How to spot it: If your model is under ~13B and you are on Q2_K, Q3_K_S, or Q3_K_M, degradation is expected. Step up to Q4_K_M at minimum, Q5_K_M for code or math.

7. Architecture or KV-cache interaction, not the weights

Some quality drops aren’t about the weight quant at all:

MoE models (Mixtral, DeepSeek-MoE): expert weights are more quant-sensitive than dense weights — keep MoE at Q5_K_M or higher.
Quantized KV cache + flash attention: a quantized KV cache (--cache-type-k q8_0 etc.) only works with flash attention enabled (otherwise llama.cpp dequantizes every attention step and you lose the savings), and open llama.cpp issues continue to report flash-attn errors, NaN attention, or large-context decode regressions with quantized KV on CUDA as of mid-2026 — for example issue #24166, where a q8_0 KV cache at very large -c inflates the CUDA flash-attn scratch allocation and thrashes VRAM. If the model is fine short and garbage (or jittery) at long context, this is the suspect, not the weight quant.
Mismatched head dims: models where n_embd_head_k != n_embd_head_v (e.g., some DeepSeek variants) silently disable flash attention, which can change behavior.

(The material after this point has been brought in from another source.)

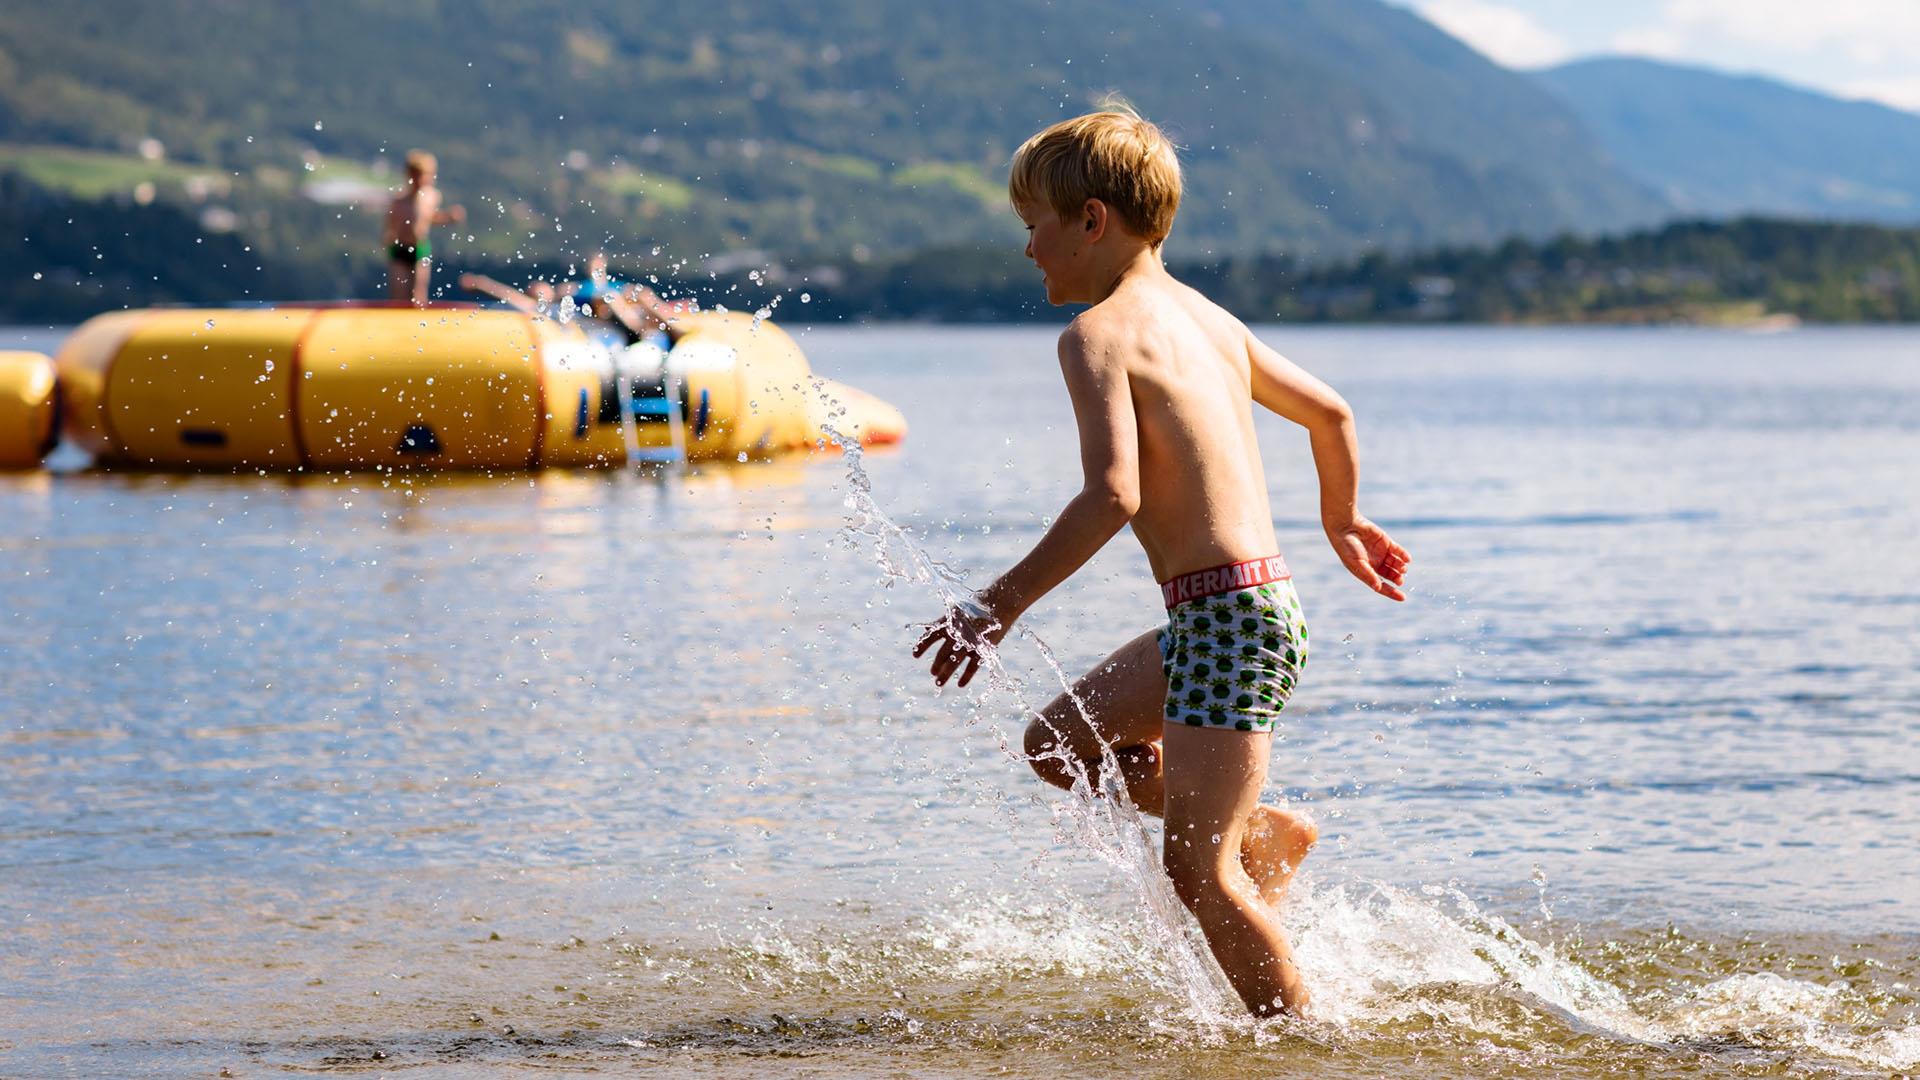 En gutt løper ut i vannet, der det ligger en gul lekeflåte lenger ut i vannet.

How to spot it: Keep the KV cache at f16 (the default) and set --flash-attn off; if quality returns, it was the KV/flash-attn path, not the weights.

Shortest path to fix

Step 1: Inspect the GGUF — imatrix present? re-quantized?

pip install gguf

python3 -c "
import gguf
r = gguf.GGUFReader('model.gguf')
for f in r.fields.values():
    if 'quantize' in f.name or 'source' in f.name or 'general.file_type' in f.name:
        print(f.name)
"

You want to see a quantize.imatrix.file / quantize.imatrix.dataset for any IQ quant, and a general.source.url that points to the original HF repo — not another GGUF.

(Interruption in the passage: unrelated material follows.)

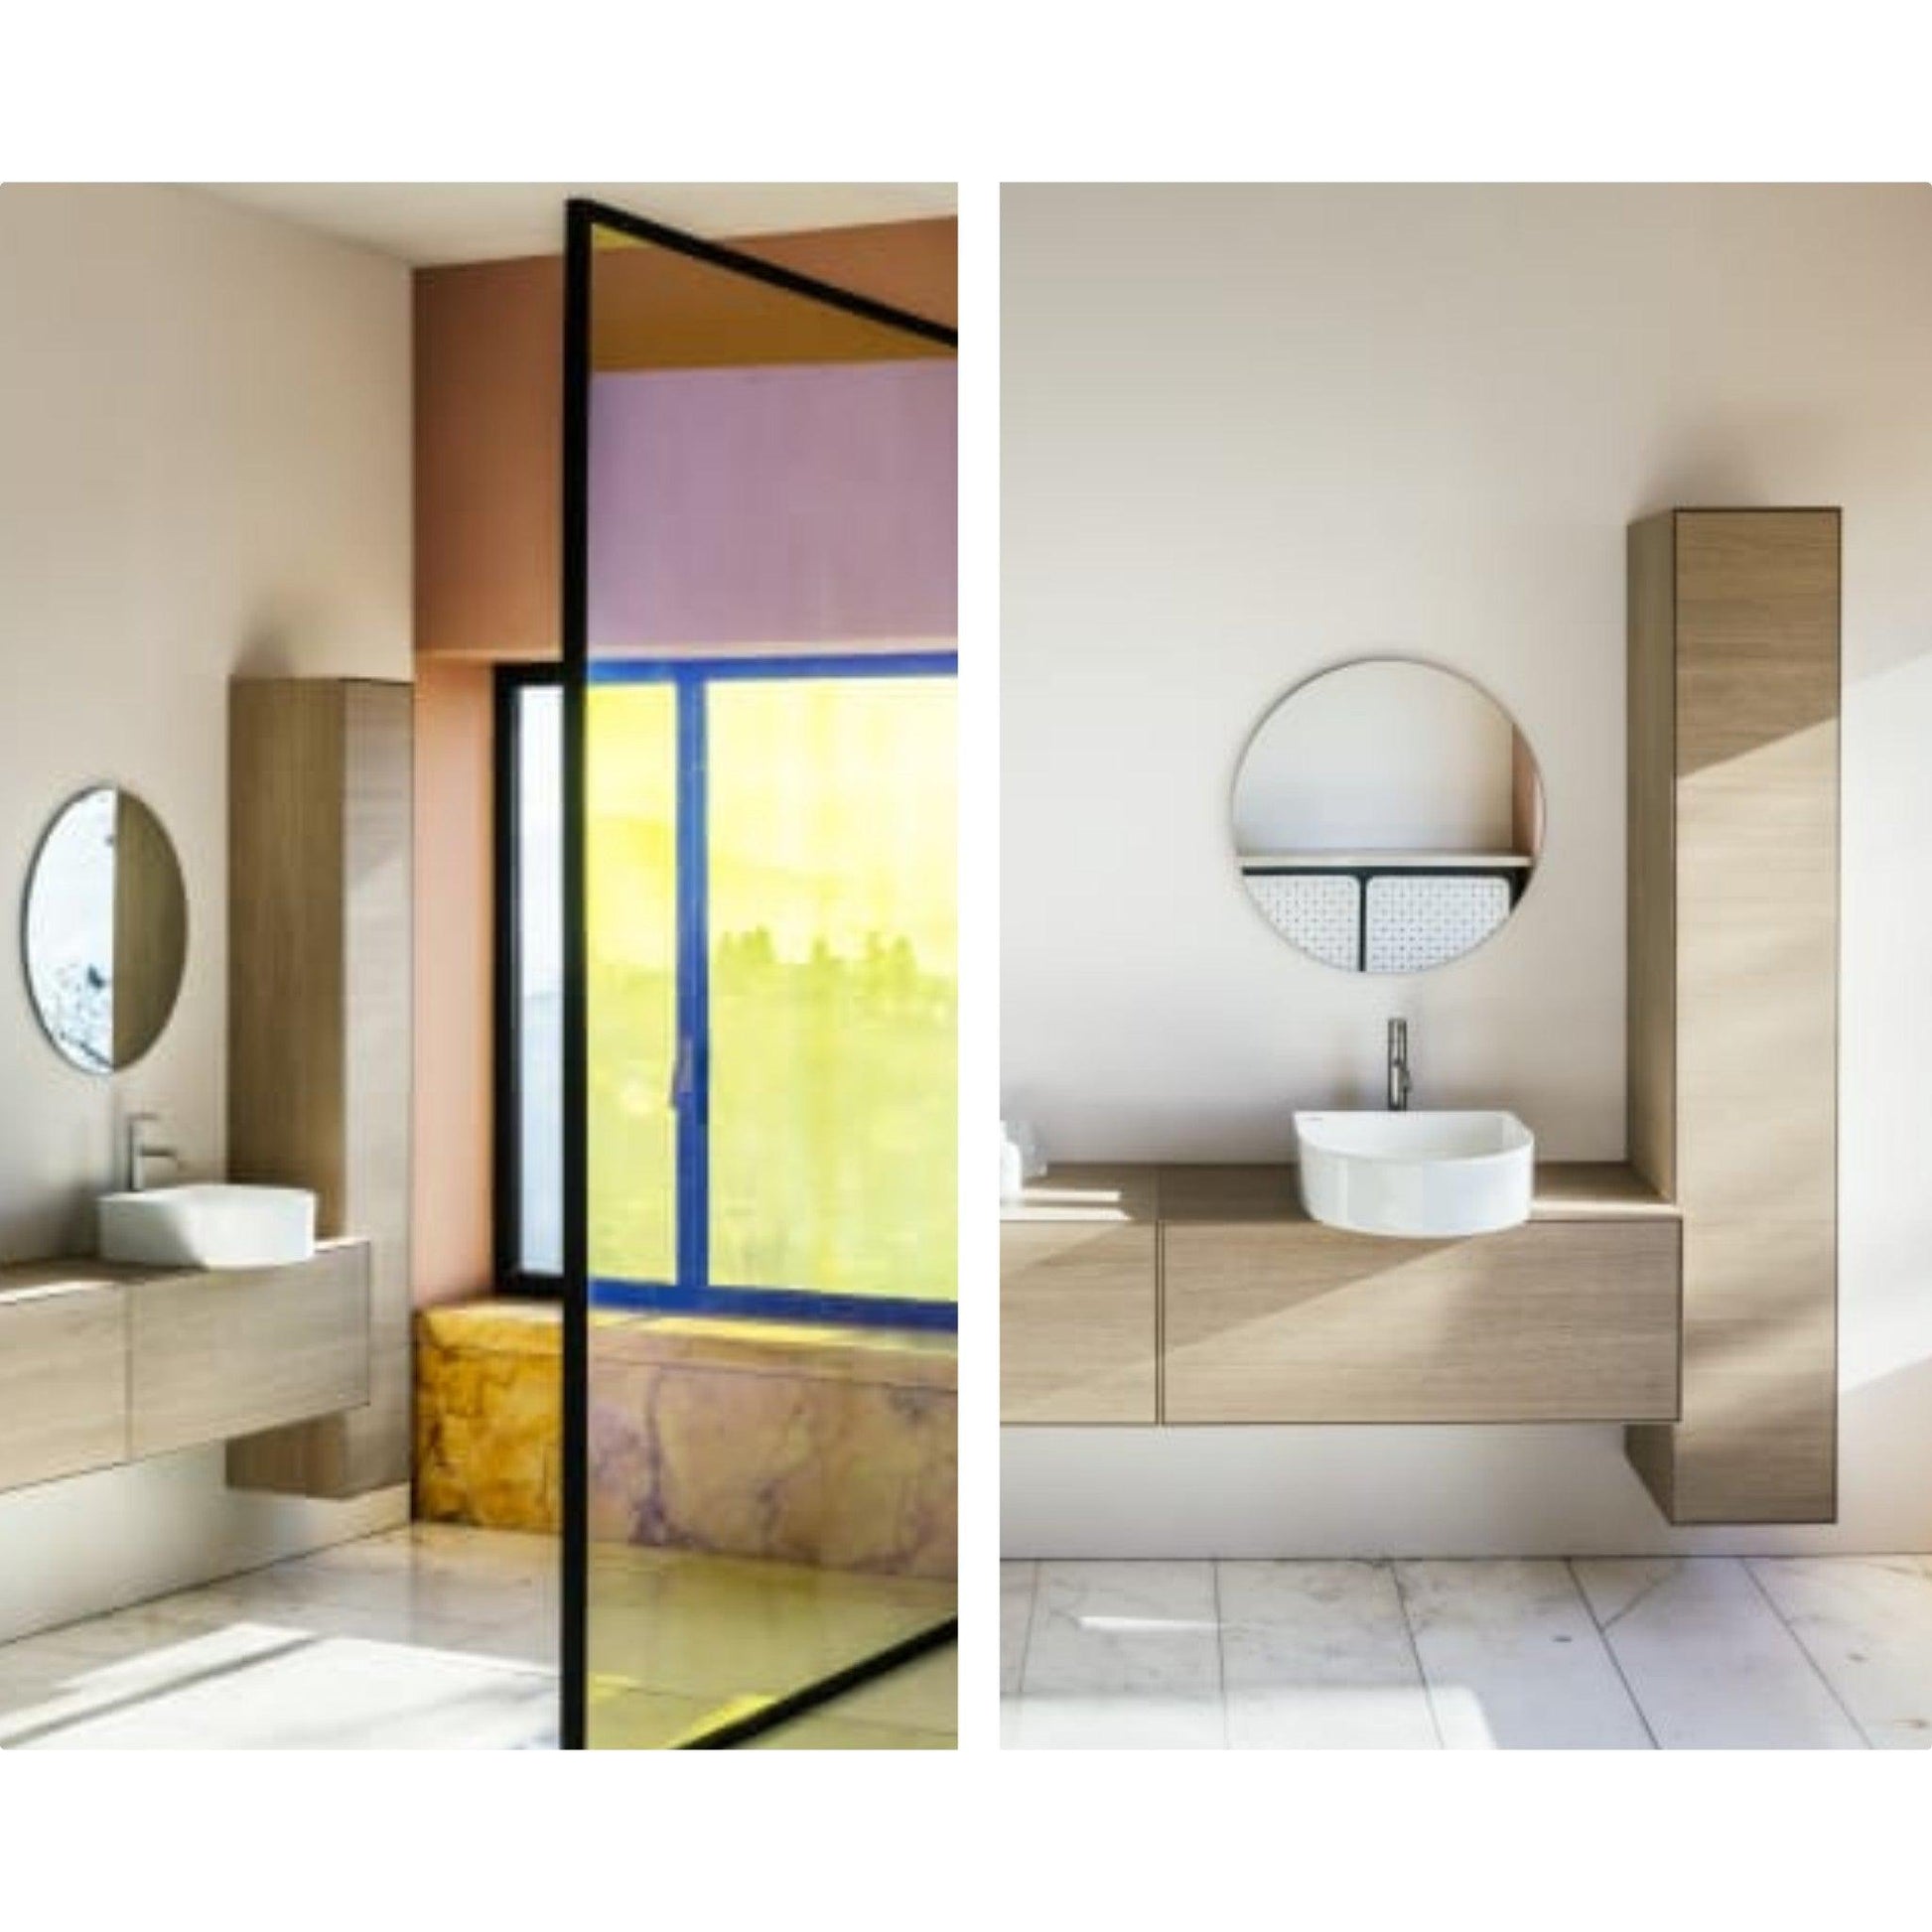 Sonar bathroom collection by Patricia Urquiola for Laufen

Step 2: Establish a quality baseline with perplexity

# Small wikitext sample used by llama.cpp CI
wget https://huggingface.co/datasets/ggml-org/ci/resolve/main/wikitext-2-raw-v1.zip
unzip wikitext-2-raw-v1.zip

# Measure perplexity per quant (lower is better) at temperature 0
./llama-perplexity -m models/model.Q5_K_M.gguf -f wikitext-2-raw/wiki.test.raw --ctx-size 512
./llama-perplexity -m models/model.Q4_0.gguf    -f wikitext-2-raw/wiki.test.raw --ctx-size 512

As a reference, measured perplexity deltas versus F16 on a 7B model (as of June 2026) are roughly: Q8_0 +0.0004, Q6_K +0.0044, Q5_K_M +0.0142, Q4_K_M +0.0535, and the legacy Q4_0 around +0.25 — roughly 5x the Q4_K_M error at nearly identical file size. A Q4_0 value well above the Q4_K_M figure confirms the legacy-quant cliff.

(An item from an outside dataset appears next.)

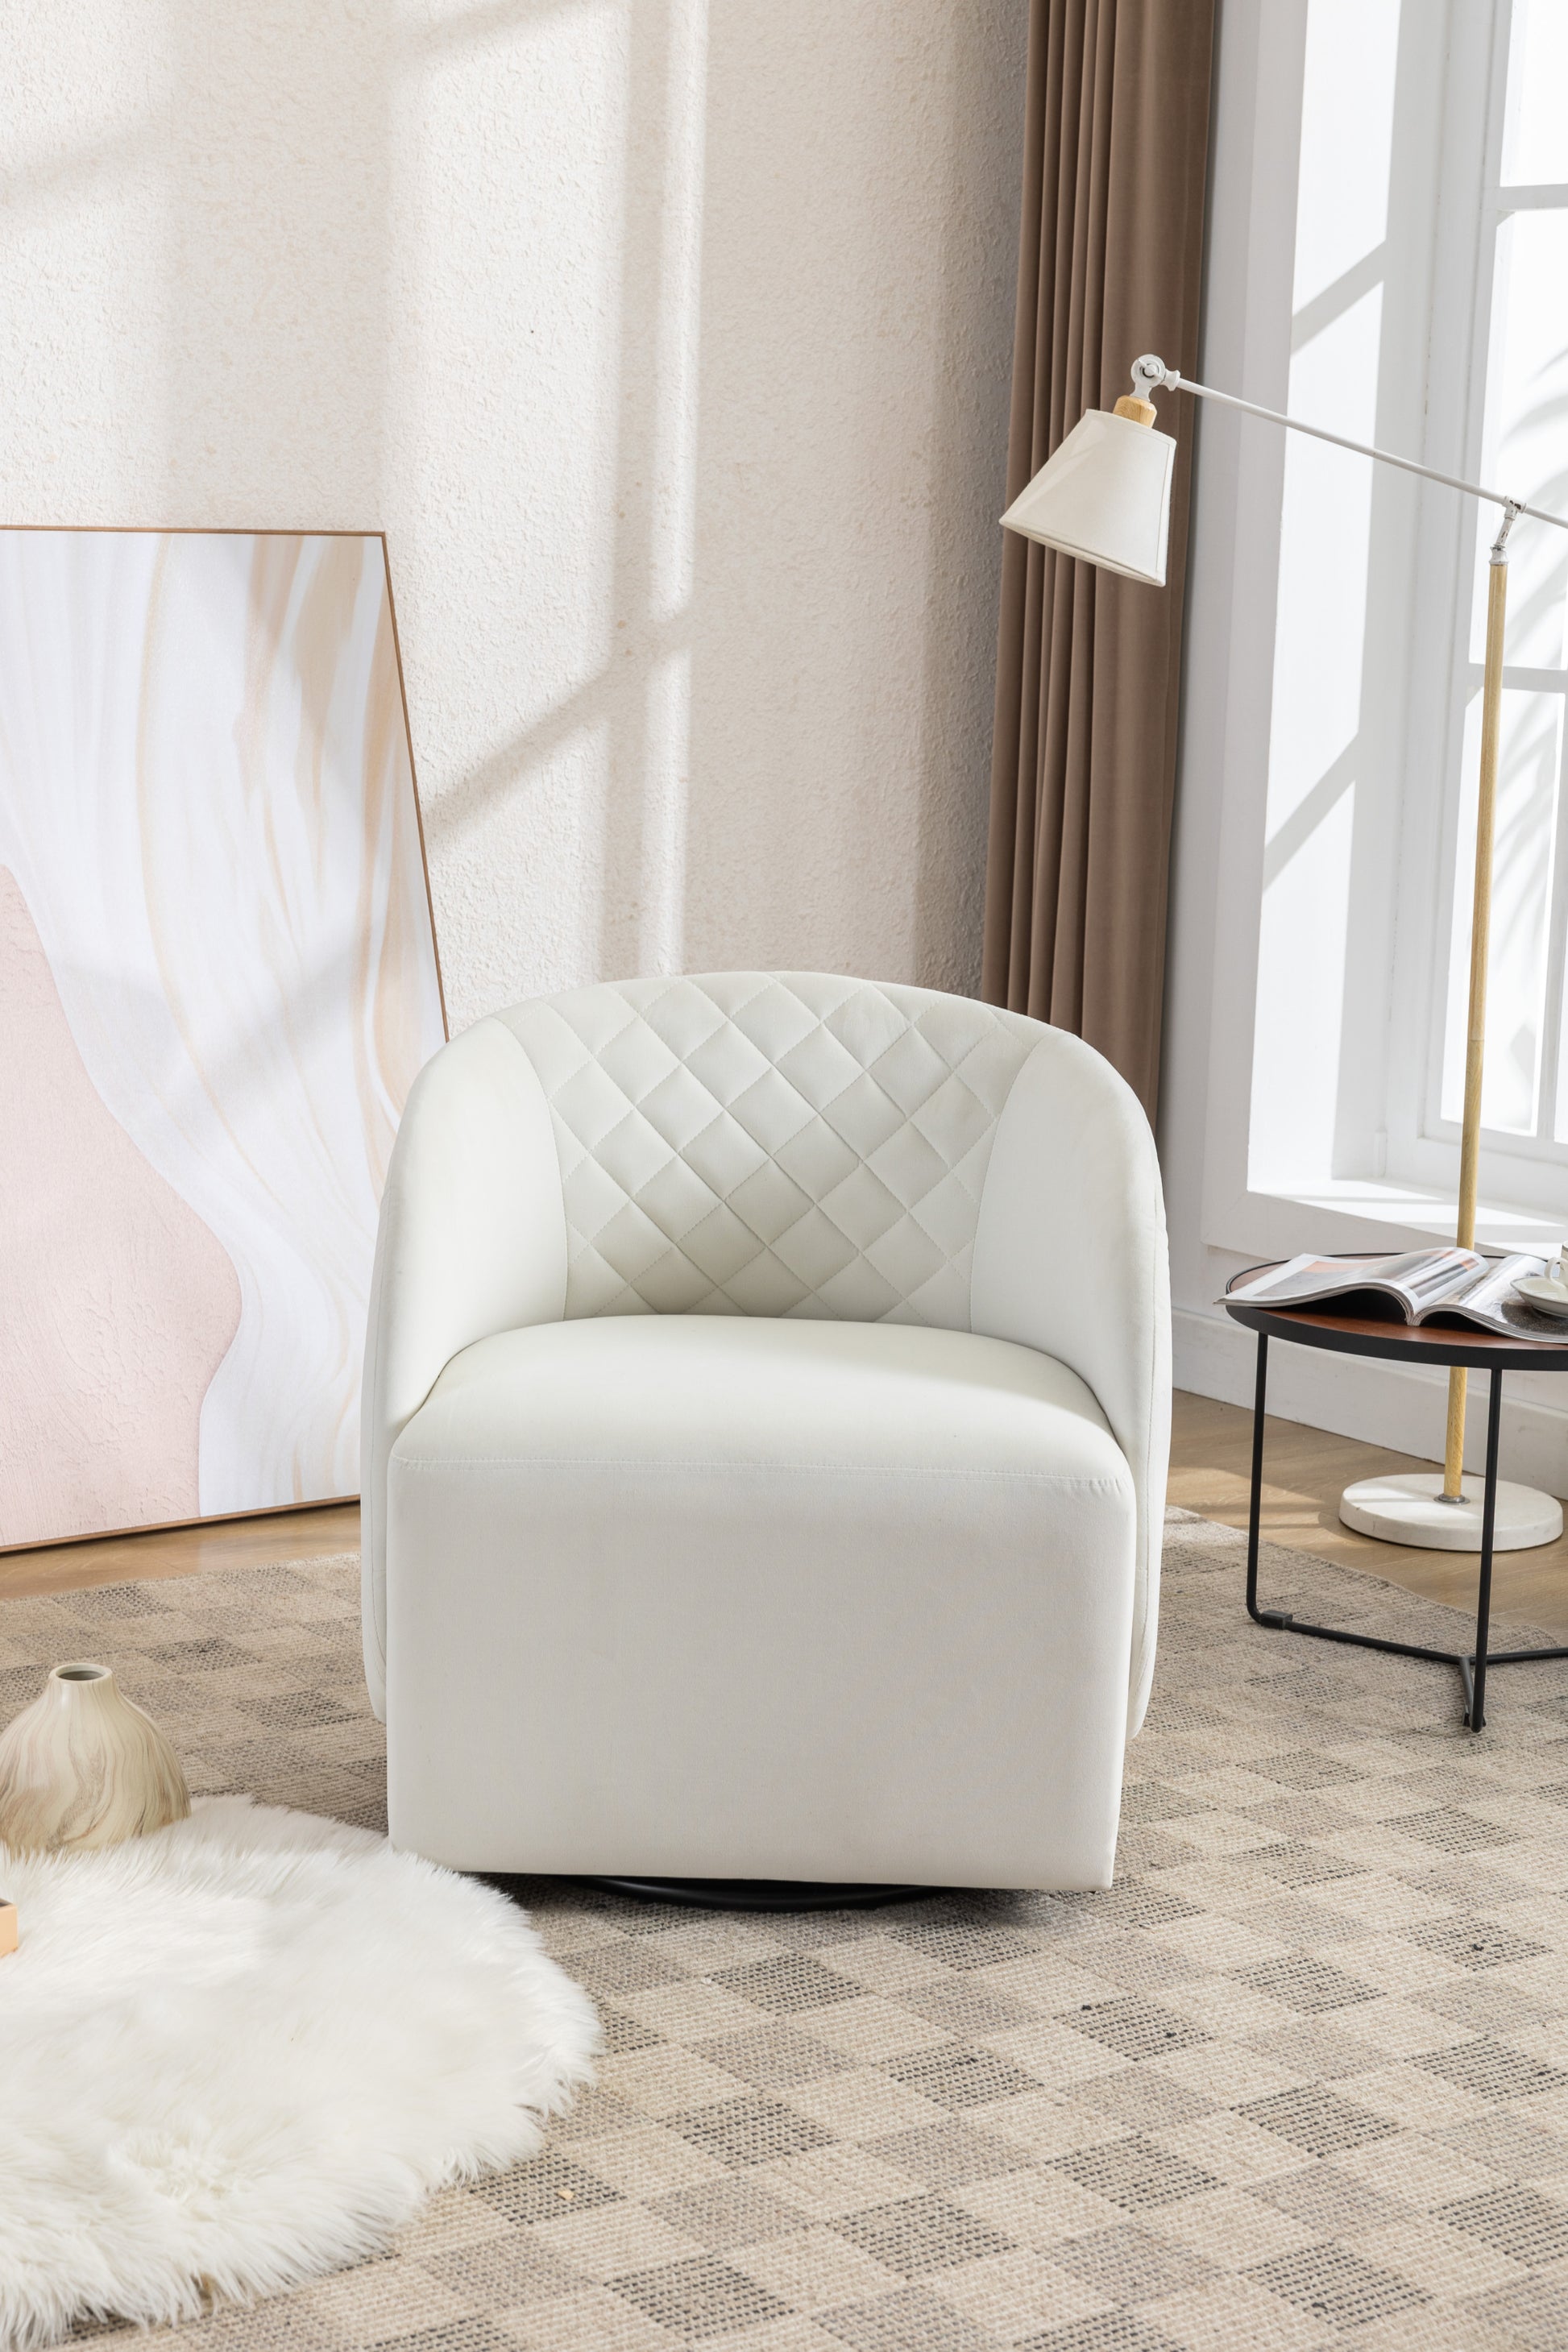 Velvet Fabric Swivel Chair For Living Room,Ivory - Enova Luxe Home Store

Step 3: Re-quantize from fp16 source, not from another GGUF

# 1) Convert HF weights to an fp16 GGUF (allowed outtypes: f32, f16, bf16, q8_0, ...)
python convert_hf_to_gguf.py \
  /path/to/Meta-Llama-3.1-70B-Instruct \
  --outtype f16 \
  --outfile llama3.1-70b-instruct-f16.gguf

# 2) Quantize to Q4_K_M FROM the fp16 GGUF (not from a Q8_0)
./llama-quantize \
  llama3.1-70b-instruct-f16.gguf \
  llama3.1-70b-instruct-Q4_K_M.gguf \
  Q4_K_M

If you only have a quantized GGUF, llama-quantize will refuse (requantizing from type ... is disabled) unless you pass --allow-requantize — that flag is a warning sign, not a fix. Re-download or re-convert the fp16 source.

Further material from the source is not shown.